Depends on the tender manufacturer. As a precaution, better safe than sorry, disconnect at least 1 lead or the plug that severs the tender from the battery.


----------



## iowagold (Jan 22, 2020)

most of the battery tenders and chargers have a fuse in the lead.
or you can place a 5 amp auto or manual breaker inline.


----------



## Gen10K (Jun 25, 2020)

Well, do you want to keep replacing fuses? When the SHTF happens, going to the town to buy a fuse might not be a good idea. 

My motto is... Take care of the equipment and they will take care of you.


----------



## motormonkey (Jul 10, 2016)

A better SHTF policy would be to keep a stock of spare fuses.

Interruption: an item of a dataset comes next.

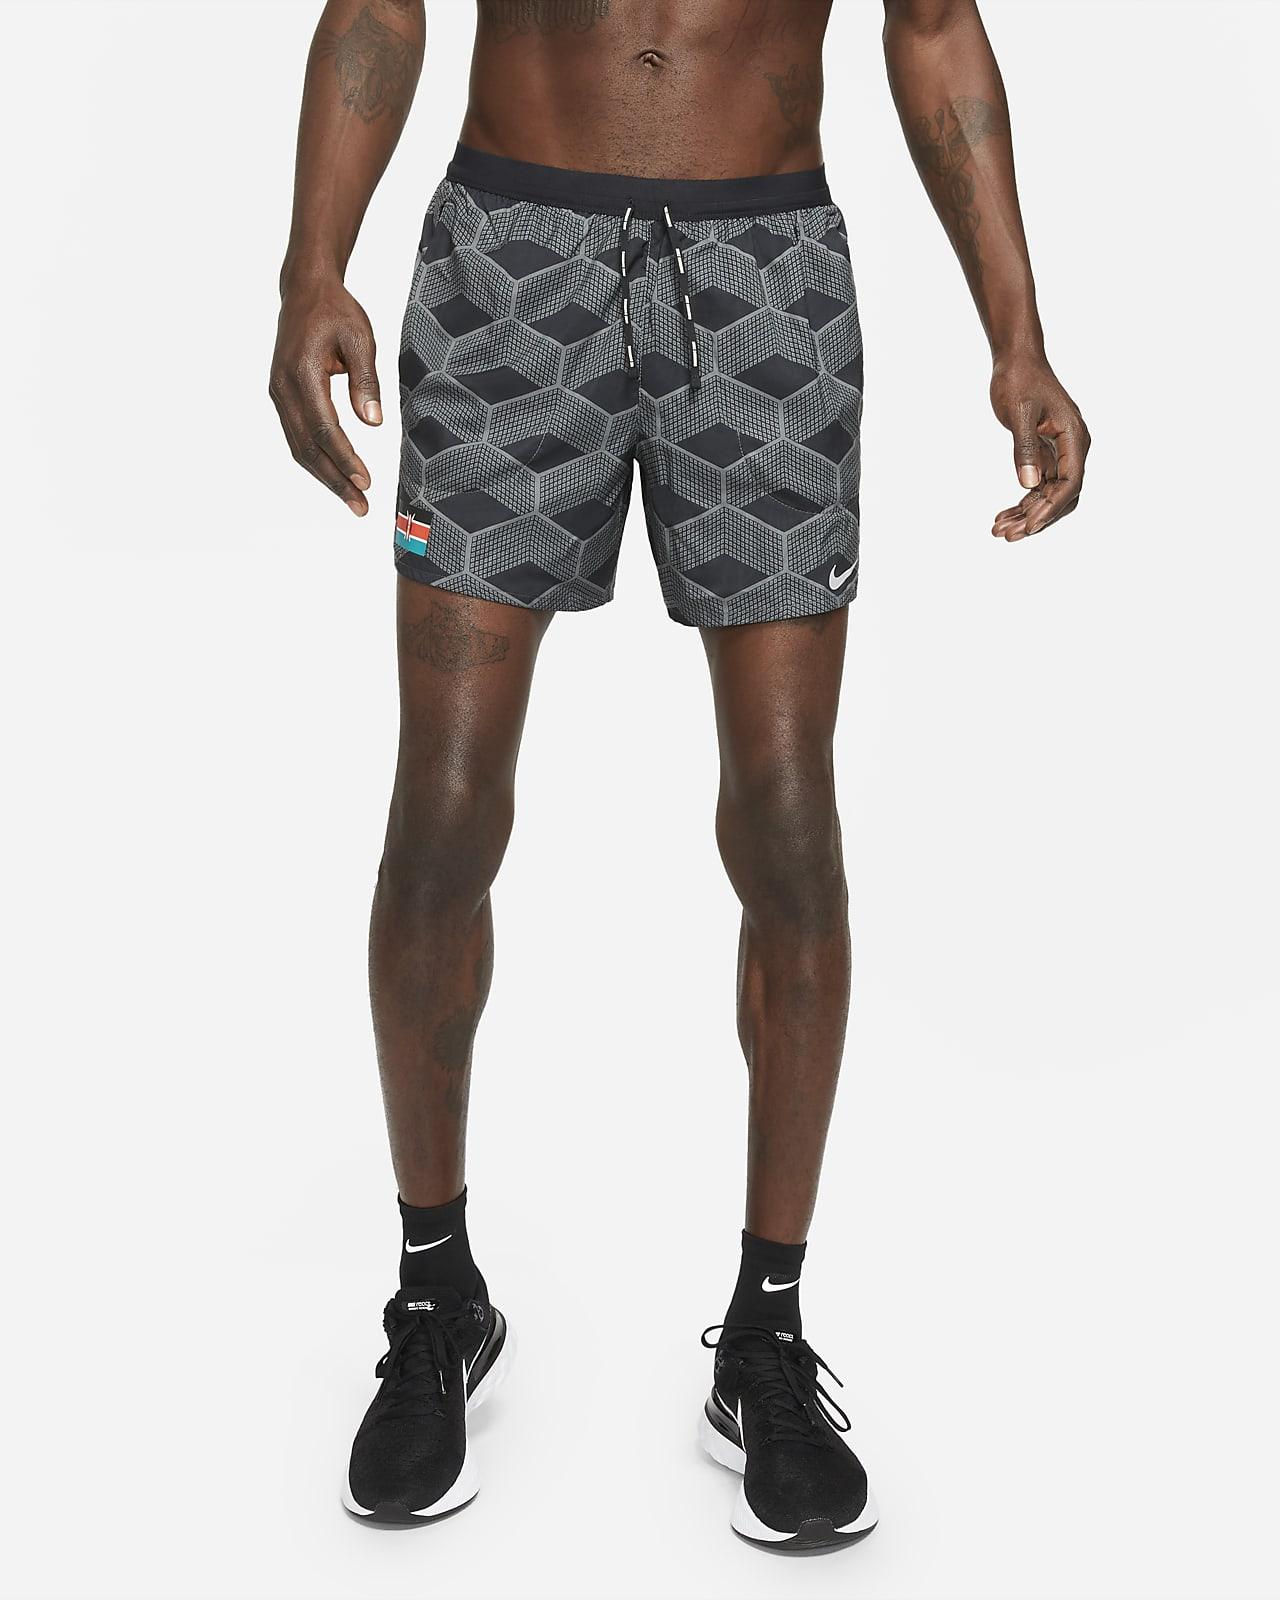 Nike Dri-FIT Team Kenya Flex Stride Men's Running Shorts

BTW, a battery tender, or the equivalent of another brand, will only produce an amp or so of current at most. The fuse is in the line to prevent overcurrent from the battery, not the charger.


----------



## ronskal (Feb 18, 2021)

Back to Speedy's original query. Air cooled engines such as these (if not already worn-out) will consume more oil in hot higher load conditions. When they get hot, clearances open-up, oil thins and sneaks by into the combustion chamber. Liquid cooled engines have more uniform cooling and they can build them tighter.
You are cooler in the UK than here in Texas and your run loads have been light so low or no consumption sounds right to me.
I would think your monthly runs are good, might want to put a higher load then 500W though. If the oil looks cloudy you know you need to run it longer to vaporize the H2O.


----------



## speedy2019 (Jan 29, 2019)

ronskal said:


> Back to Speedy's original query. Air cooled engines such as these (if not already worn-out) will consume more oil in hot higher load conditions. When they get hot, clearances open-up, oil thins and sneaks by into the combustion chamber. Liquid cooled engines have more uniform cooling and they can build them tighter.
> You are cooler in the UK than here in Texas and your run loads have been light so low or no consumption sounds right to me.
> I would think your monthly runs are good, might want to put a higher load then 500W though. If the oil looks cloudy you know you need to run it longer to vaporize the H2O.


I changed the oil after the first 5-8 hrs of use from new for the first time (It came out clean when draining) and that was about about 18months ago, and the oil looks nice and clean on the dipstick and tissue today... Anyway isnt dark or black oil just burnt oil anyway, so nothing to wrorry about??

Im eager to have a power cut that lasts a few hrs to properly test out the generator under real conditions and see if it holds out or crashes. But hopefully I will never have to put too much of a load on it, but a 1000w kettle, tv/sky, a few lights and all my computer stuff at once, should push it to 2000w or a bit more, and give it a bit of a workout.


----------



## tabora (Sep 6, 2018)

speedy2019 said:


> If I start up the generator with the maintainer connected, will this damage anything because the generator charges the battery as its running?


Nope. I have maintainers on my generators 24/7. Also on 2 cars and the snowblower and zero-turn mower. I often start all of those up with the maintainers connected. (Optimate and Schumacher).


speedy2019 said:


> I have used my gen for about 10hr in the last year and during this time it hasnt used no oil...


I have not had an OPE engine need to have oil added between changes for MANY years. It doesn't stop me from checking them before EVERY use, though...


----------



## iowagold (Jan 22, 2020)

we use the manual reset blade breakers...
as long as you take care of them they last a long time!


----------